La ONU alerta sobre la escasez de agua
Mientras Marte presume de grandes cantidades
de agua, la ONU declara
la «bancarrota hídrica» de la Tierra. La humanidad hace uso
del agua disponible en los ríos y el almacenamiento por
lluvia. Cuando este tipo de agua no está disponible, acude a
los glaciares, humedales y acuíferos. El resultado de este accionar es un
planeta con sistemas acuáticos quebrados (acuíferos compactados lagos fantasmas
o deltas hundiéndose) sin capacidad de recuperación.
Un informe de la
Universidad de las Naciones Unidas revela que el mundo ha ingresado en una etapa de
«quiebra hídrica global». Se trata de un punto de no retorno para determinados
sistemas en los que la demanda humana ha agotado de manera irreversible los
ahorros acuíferos y secado los pozos del futuro. En este contexto, el conjunto
del sistema hídrico del mundo ha quedado en riesgo.
Por este
motivo, nuestro planeta transita ahora por sequías más largas, una evaporación
acelerada y lluvias impredecibles. «Muchas regiones han vivido muy por encima
de sus posibilidades hidrológicas. Es como tener una cuenta bancaria a la que
se le extrae dinero cada día sin que entre un solo depósito. El saldo ya es un
negativo», expone Kaveh Madani, autor principal del informe de la ONU.

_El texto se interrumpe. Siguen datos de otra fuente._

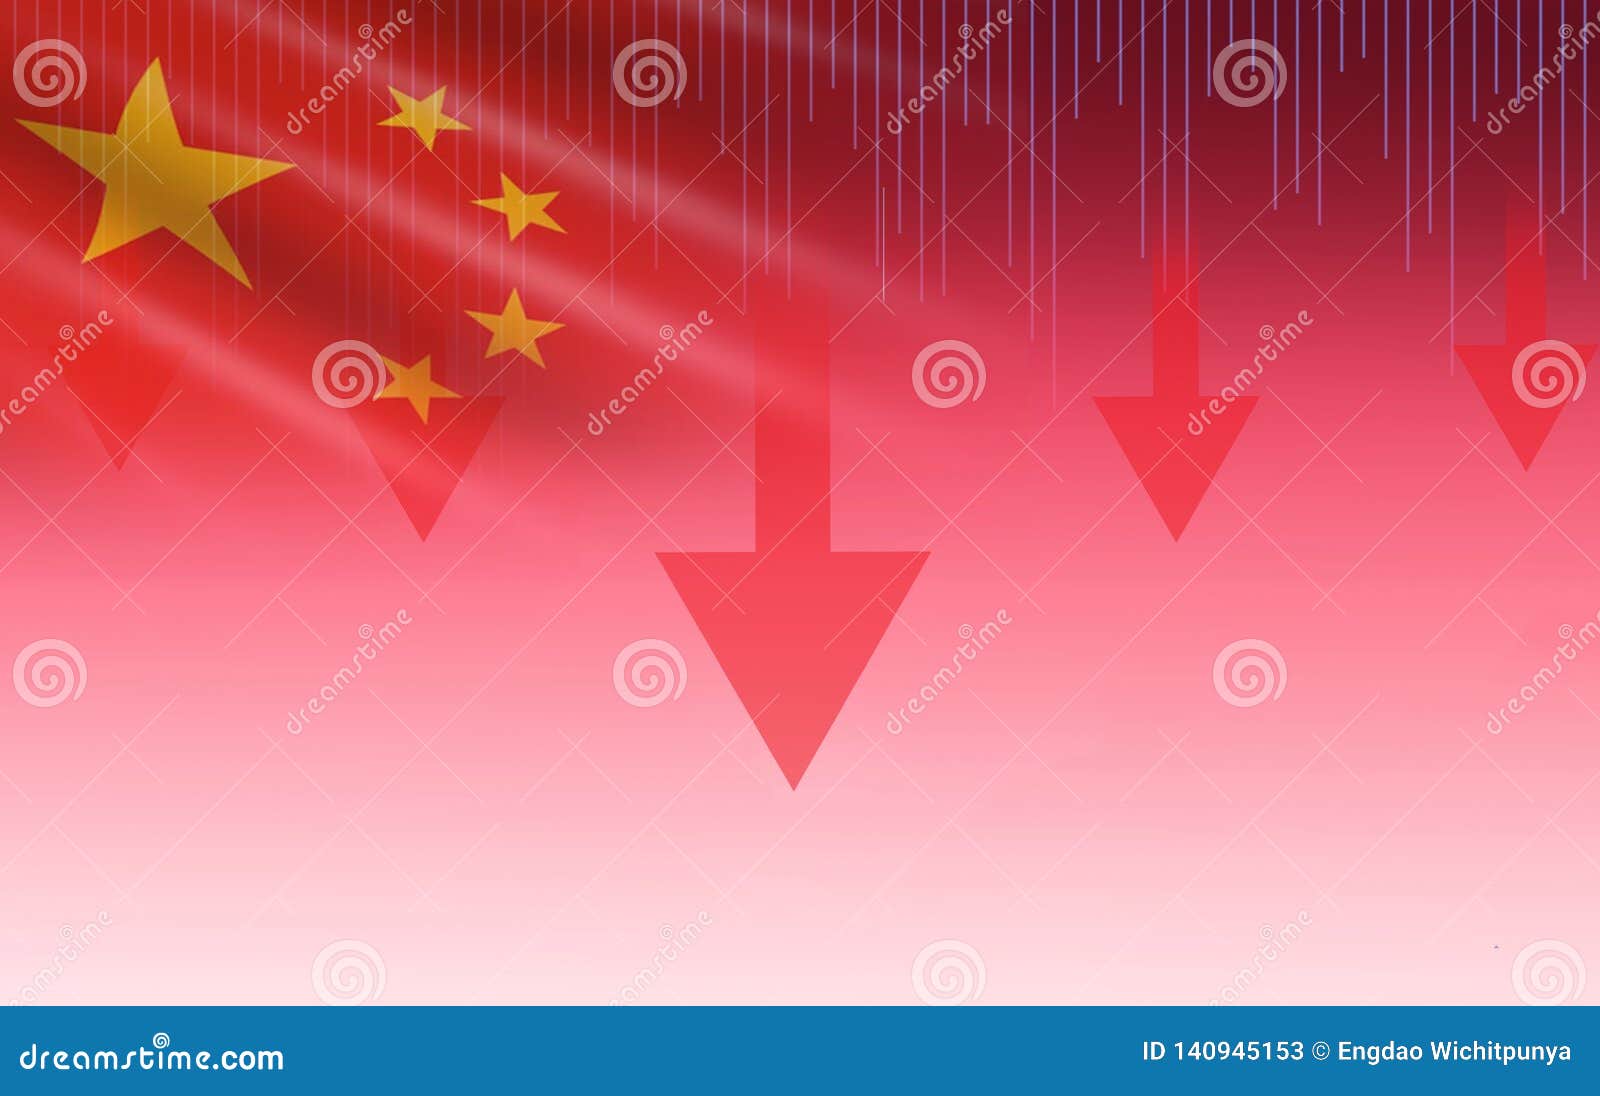 China Stock Exchange Chart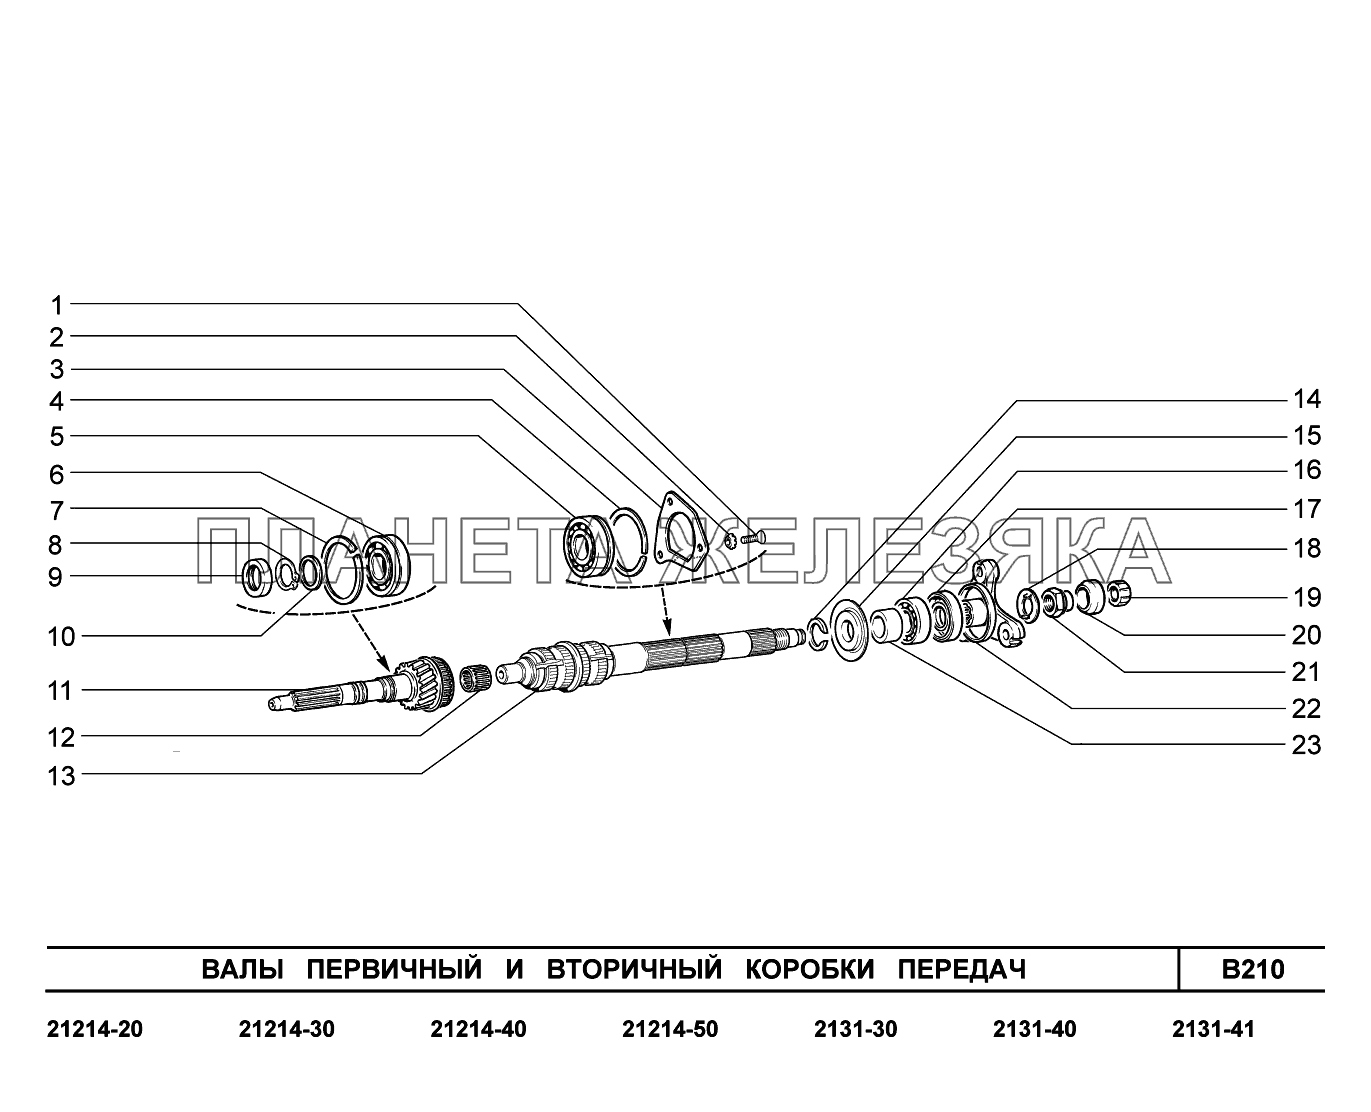 B210. Валы первичный и вторичный коробки передач LADA 4x4

Cuál es la relación entra la vejez y la escasez de
agua dulce
Bajo este
marco, otro estudio
publicado en Water Resources Research llega para otorgar esperanza. Afirma que el
envejecimiento de las poblaciones podría disminuir el consumo mundial de agua
hasta un 31%. Al tiempo que el cambio climático altera el ciclo de las lluvias
y los acuíferos se agotan, la estructura demográfica avanza silenciosamente.
Una realidad
de la que no se habla mucho, pero que está ahí y tiene consecuencias más
profundas de las que podría parecer en primera instancia. Tanto que incide
sobre cómo la Tierra usa y gestiona las reservas de agua disponibles.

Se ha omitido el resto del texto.